Ahli bid’ah berbeda-beda keadaannya :

1. Ahli bid’ah yang berperan sebagai da’i yang mengajak kepada kebid’ahannya. Maka ini memiliki dua keadaan :

Ahli Sunnah memiliki kekuatan dan kemampuan yang lebih dominan. Maka mereka harus bersikap keras dan tegas didalam membantah mereka serta memboikot mereka. Tidak ada penghormatan bagi ahli bid’ah

Adapun jika keadaan sebaliknya, yaitu ahli bid’ah yang memiliki kekuatan dan kekuasaan yang lebih dominan, maka cukup bagi mereka dengan membantah ahli bid’ah dan tidak memboikot.

Ya. . boleh bagi anda untuk memboikotnya secara defensif pada keadaan seperti ini, yaitu jangan kamu mengunjungi dia dan jangan kamu mengundang dia ke rumahmu, namun jika kamu berjumpa dengannya ditengah banyak orang, maka beri salam dia dan walaupun tidak ada orang lain tapi kamu takut dengan kekuatannya, maka boleh kamu salami dia kemudian pergi. Dan jika mengulurkan tangannya maka salami dia, dan jika kamu masuk kesebuah majlis, dan dia ada disitu, maka salami dia bersama orang yang lain.

2. Ahli bid’ah yang bukan da’i dan dia hanya melakukan bid’ah pada dirinya sendiri.

Maka ini keadaannya lebih ringan.

Adapun jenis kedua dari ahli bid’ah, yaitu yang kebid’ahannya sampai pada tingkat kekufuran.

Seperti ; Wihdatul wujud (keyakinan bahwa Allah menyatu dengan makhluknya), Syi’ah rafidhah, Batiniyah.

Maka mereka ini diboikot secara total dan tidak ada penghormatan baginya, walaupun anda harus meninggalkan lingkungan anda, atau anda sholat dirumah, maka sudah cukup, harus memboikot mereka.

Tapi kalau anda bertekad untuk menasehati mereka dan anda punya kemampuan untuk amar ma’ruf nahi mungkar kepada mereka, serta mampu menegakkan hujjah kepada mereka, maka lakukanlah, mungkin saja Allah memberi hidayah kepada mereka melalui anda, sehingga anda mendapatkan janji yang disebutkan dalam hadits :

”Barang siapa yang menyeru kepada petunjuk, maka baginya pahala seperti pahala orang yang beramal tersebut dengan tanpa mengurangi pahala dia sedikitpun”

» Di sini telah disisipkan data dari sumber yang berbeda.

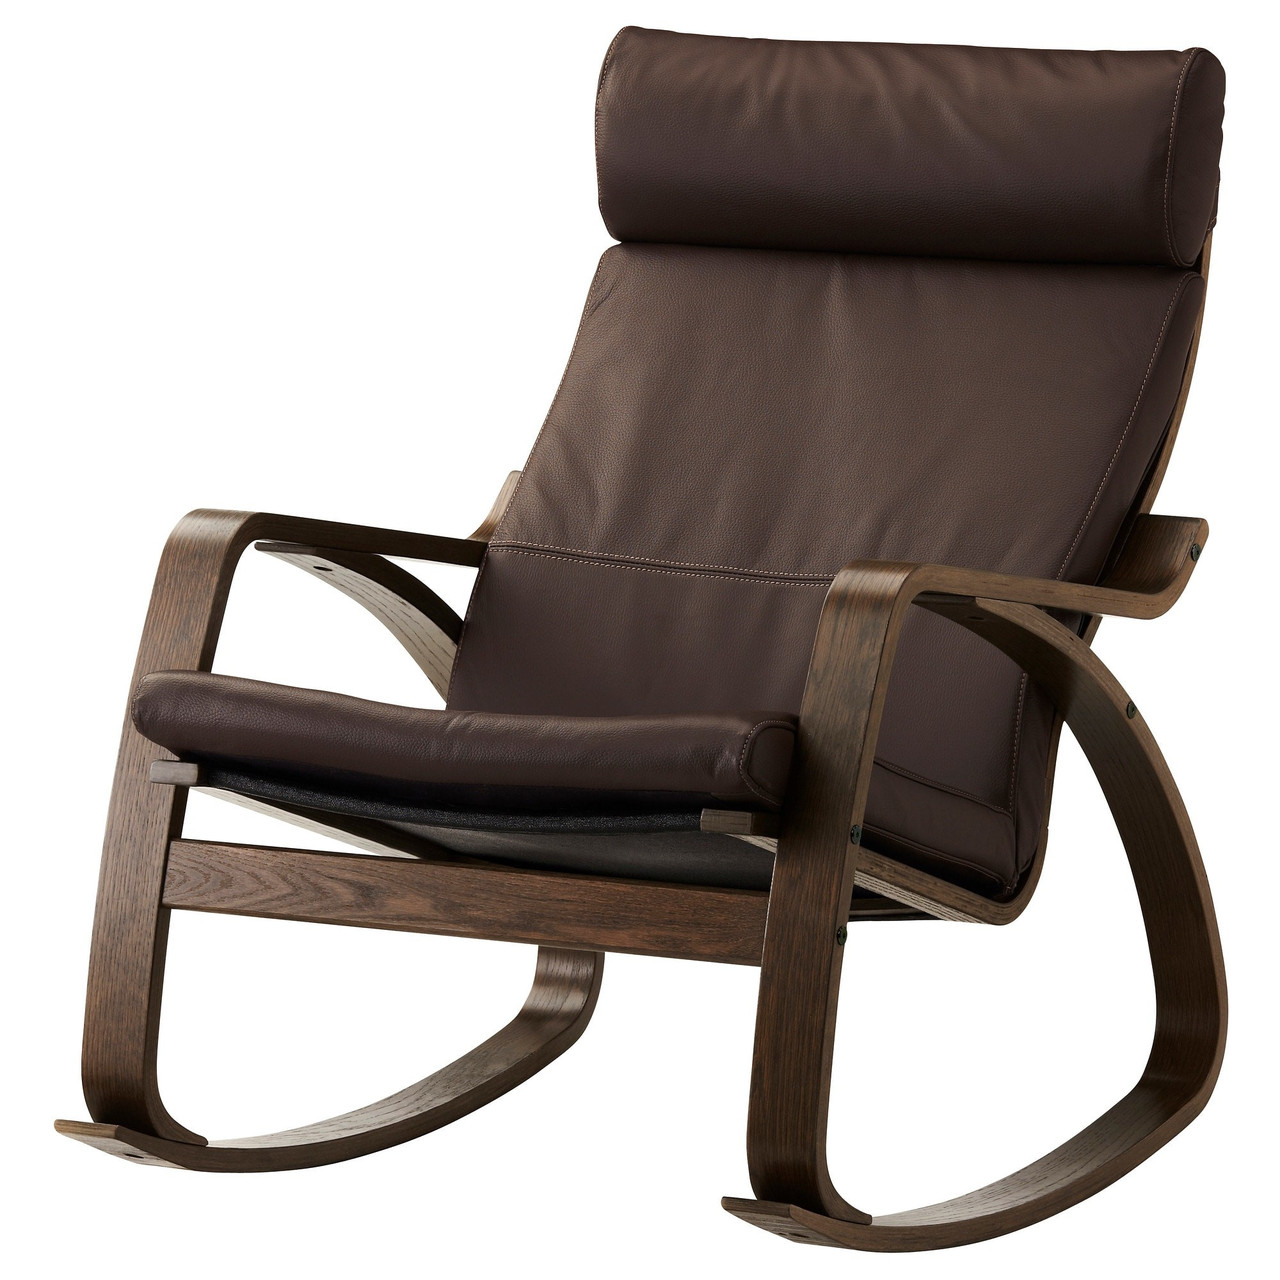 Кресло-качалка ПОЭНГ коричневый/Глосе темно-коричневый ИКЕА, IKEA

Sumber: http://ar.miraath.net

Alih bahasa: Syabab Forum Salafy

Sumber : http://forumsalafy.net

Komentar

Kajian Populer

Rekam jejak sikap oknum dan PBNU selama sekitar 100 tahun terakhir terhadap Muslimiin yang bukan NU

Adi Hidayat : "Dubesnya NU di Muhammadiyah"

Makkah Royal Clock Tower adalah "Tanduk Setan" di kota Nejd...?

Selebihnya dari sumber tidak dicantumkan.